- Artist: Derek Maynard Davis
- Type: Acrylic on canvas
- Dimensions: 30 cm × 40 cm (12 in × 16 in)

= Derek Davis (artist) =

English artist

Derek Maynard Davis (24 February 1926 - 3 September 2008) was an English artist, working in the media of painting and pottery. He was born in Wandsworth, South London, where he was educated at Emanuel School. He joined the King's Royal Rifle Corps in 1943, to fight in World War II. After the war he entered the Central School of Arts and Crafts in London. Together with his friend Eric James Mellon he then started a pottery workshop in Hillesden, Buckinghamshire. Later he left to work on his own, and moved to Arundel, West Sussex. Here he developed his ceramics further, coming up with several innovative techniques. An eye operation in 1994 left him unable to look through the hole in the pottery kiln, and after this he started focusing on painting instead.

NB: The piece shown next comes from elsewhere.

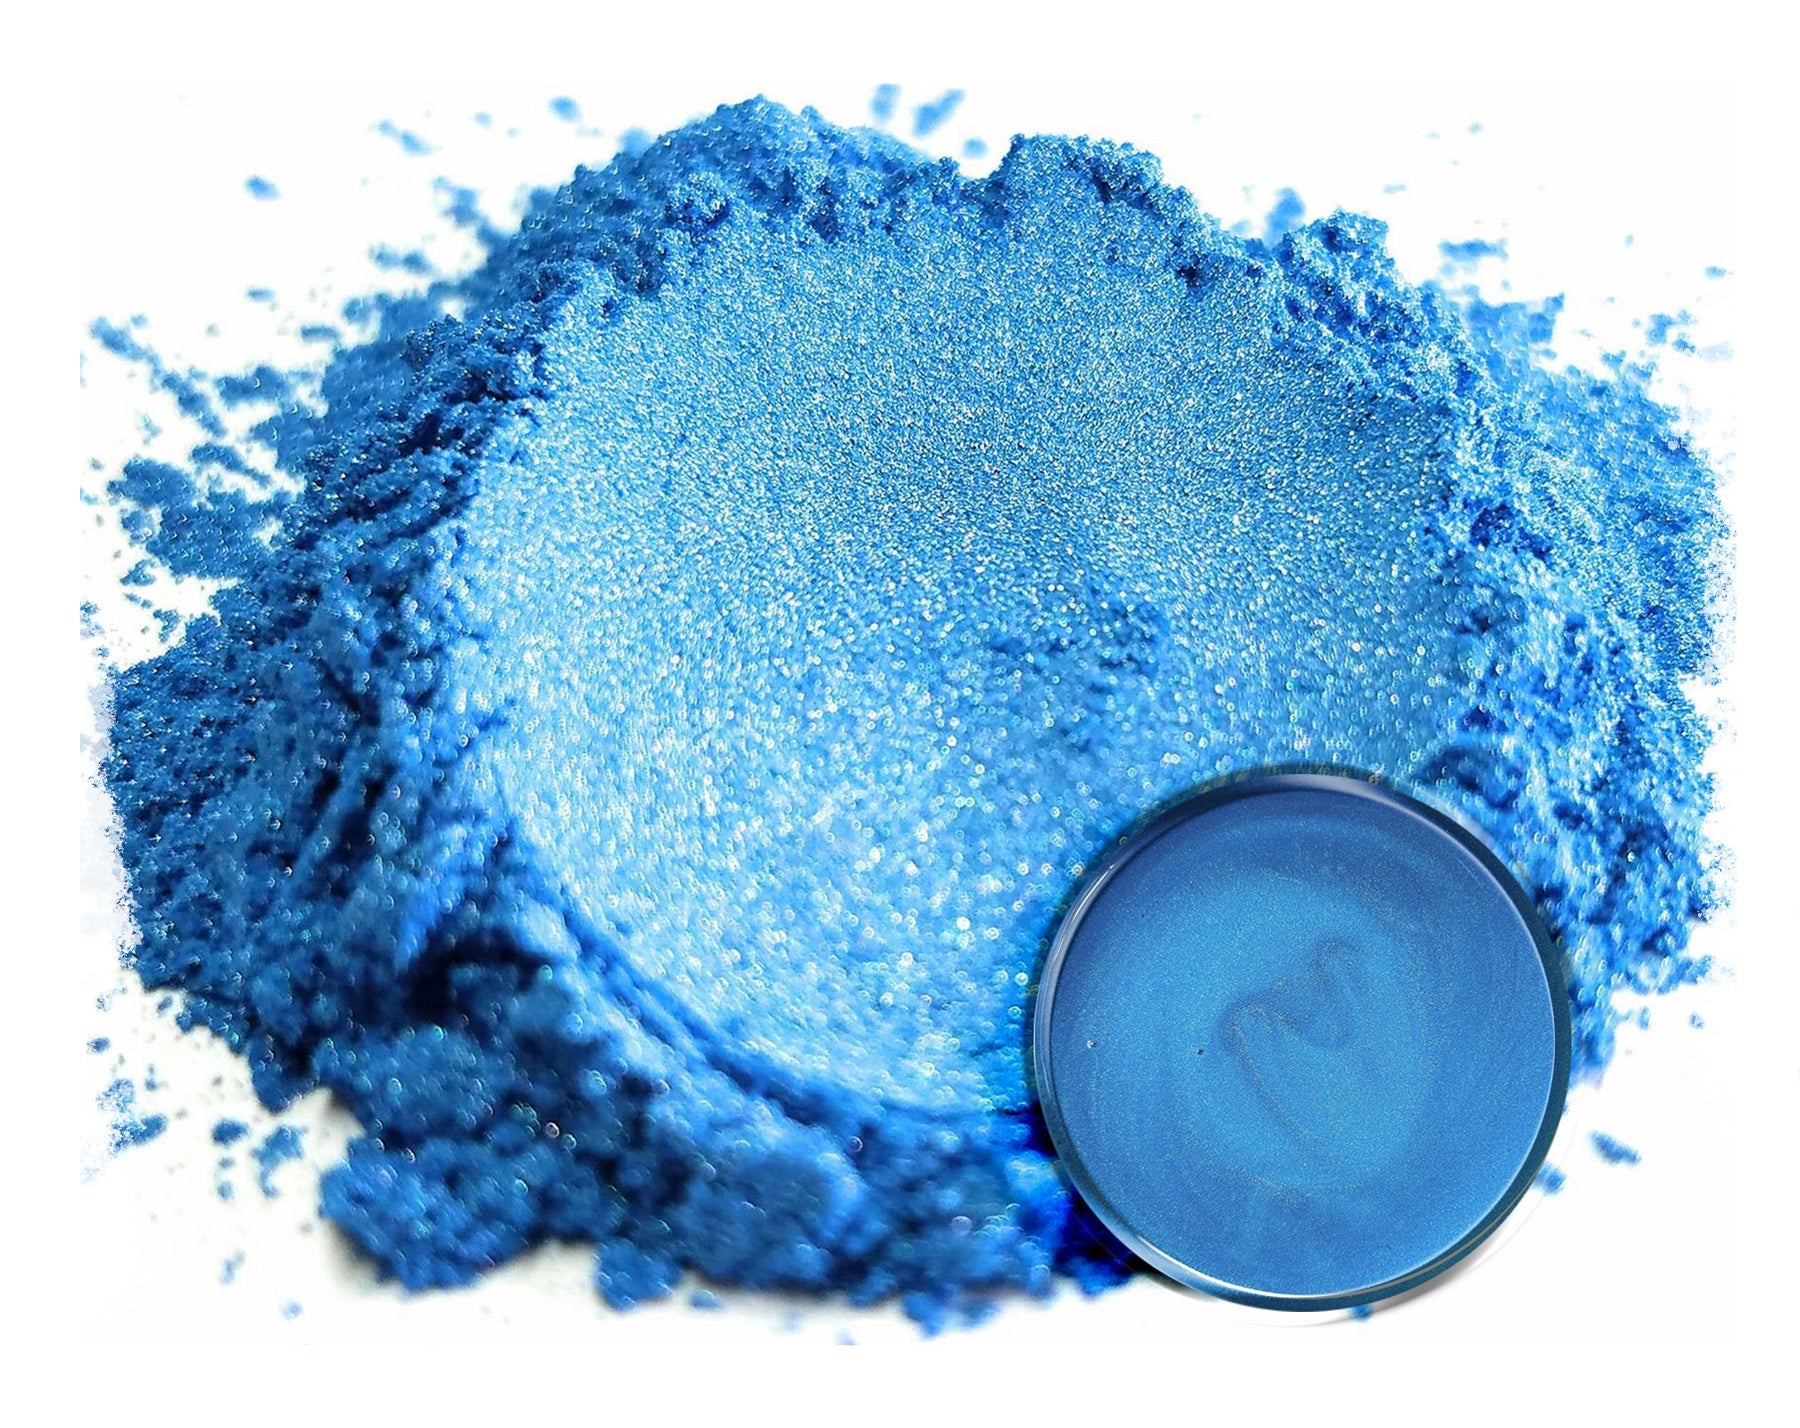 Powdered pigment by eye candy pigments for epoxy resin projects. In the color Umi Blue.

Davis's work is characteristic for breaking with the functionalistic style of Bernard Leach, which was prevalent in the post-war years. Davis was self-taught within the field of pottery, and his method has been described as "working as much by instinct as plan". His pottery was featured at several separate exhibitions, and he had commissions from the Barbican Centre and the British embassies in Brasília, Rome, Warsaw, and Riyadh. Davis met his wife Ruth Lambert in Ventnor on the Isle of Wight, where he spent some time in a sanatorium after college, suffering from tuberculosis. Ruth, a patient at the same institution, was also a painter. The couple married in 1953, and they had one son. Davis died in Chichester 4 September 2008.